Moreover, under the statute there is no liability where a party to the transfer intercepts the communication by consent or under color of law:
It shall not be unlawful under this chapter for a person acting under color of law to intercept a wire, oral, or electronic communication, where such person is a party to the communication or one of the parties to the communication has given prior consent to such interception.
18 U.S.C. § 2511(2)(c) (1988 & Supp. III 1991). No cause of action may be maintained against private actors where they are ordered by government authorities to intercept communications. See Camacho v. Autoridad de Telefonos, 868 F.2d 482, 489-90 (1st Cir. 1989) (telephone companies entitled to immunity under that section when acting at the direction of federal officers). Nor is there liability for the interception of electronic communications in transit or in electronic storage where one party to the communication consented to access. See American Computer Trust Leasing v. Jack Farrell Implement Co., 763 F. Supp. 1473, 1494-95 (D. Mn. 1991). The banks, and not the beneficiaries, were parties to the communication and consented to the interception. They acted at the direction of the United States Attorney as to funds the government claimed as its own.

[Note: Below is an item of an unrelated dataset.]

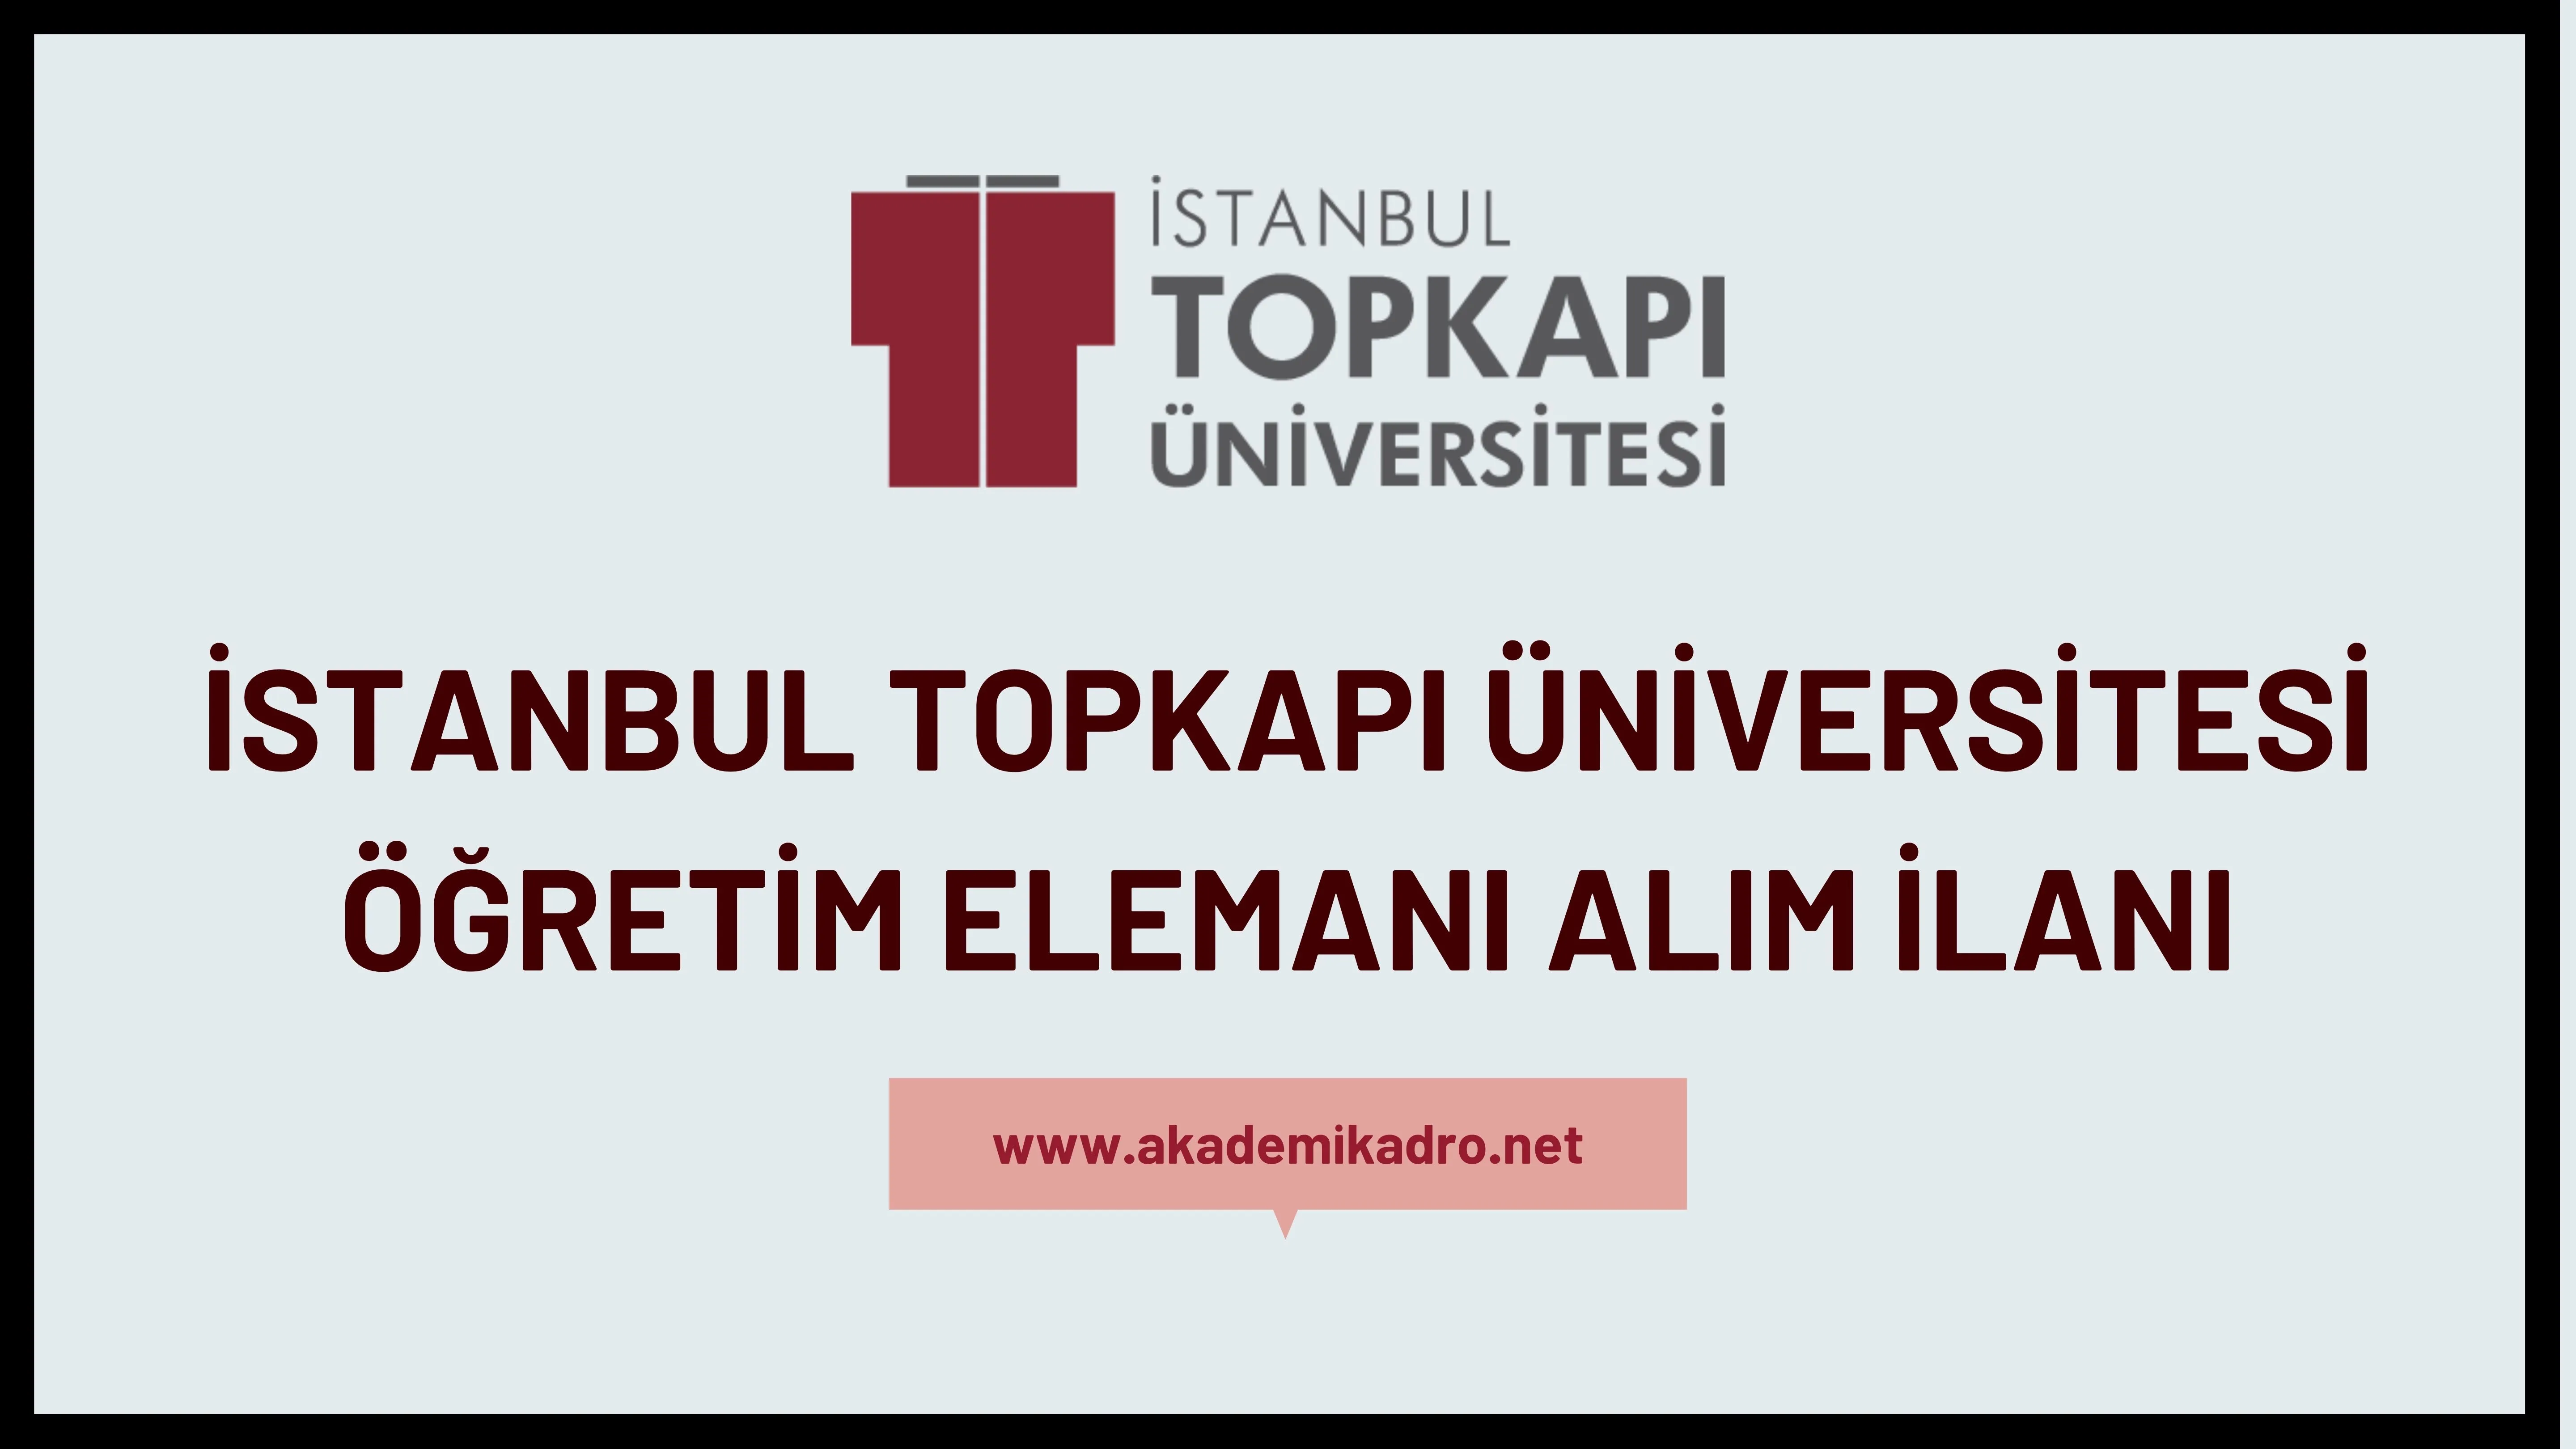 İstanbul Topkapı Üniversitesi 10 Öğretim görevlisi, 2 Araştırma görevlisi ve 23 Öğretim üyesi alacak.

Another provision of the statute specifically exempts from liability the providers of an electronic communication service who act at the direction of a court order:
Notwithstanding any other law, providers of wire or electronic communication service, their officers, employees, and agents, landlords, custodians, or other persons, are authorized to provide information, facilities, or technical assistance to persons authorized by law to intercept wire, oral, or electronic communications . . . if [the above enumerated persons have] been provided with--
(A) a court order directing such assistance signed by the authorizing judge . . . .
18 U.S.C. § 2511(2)(a)(ii) (1988 & Supp. III 1991). The banks, as providers of an electronic communication service, are authorized under the statute to assist the law enforcement agents in the interception of communications.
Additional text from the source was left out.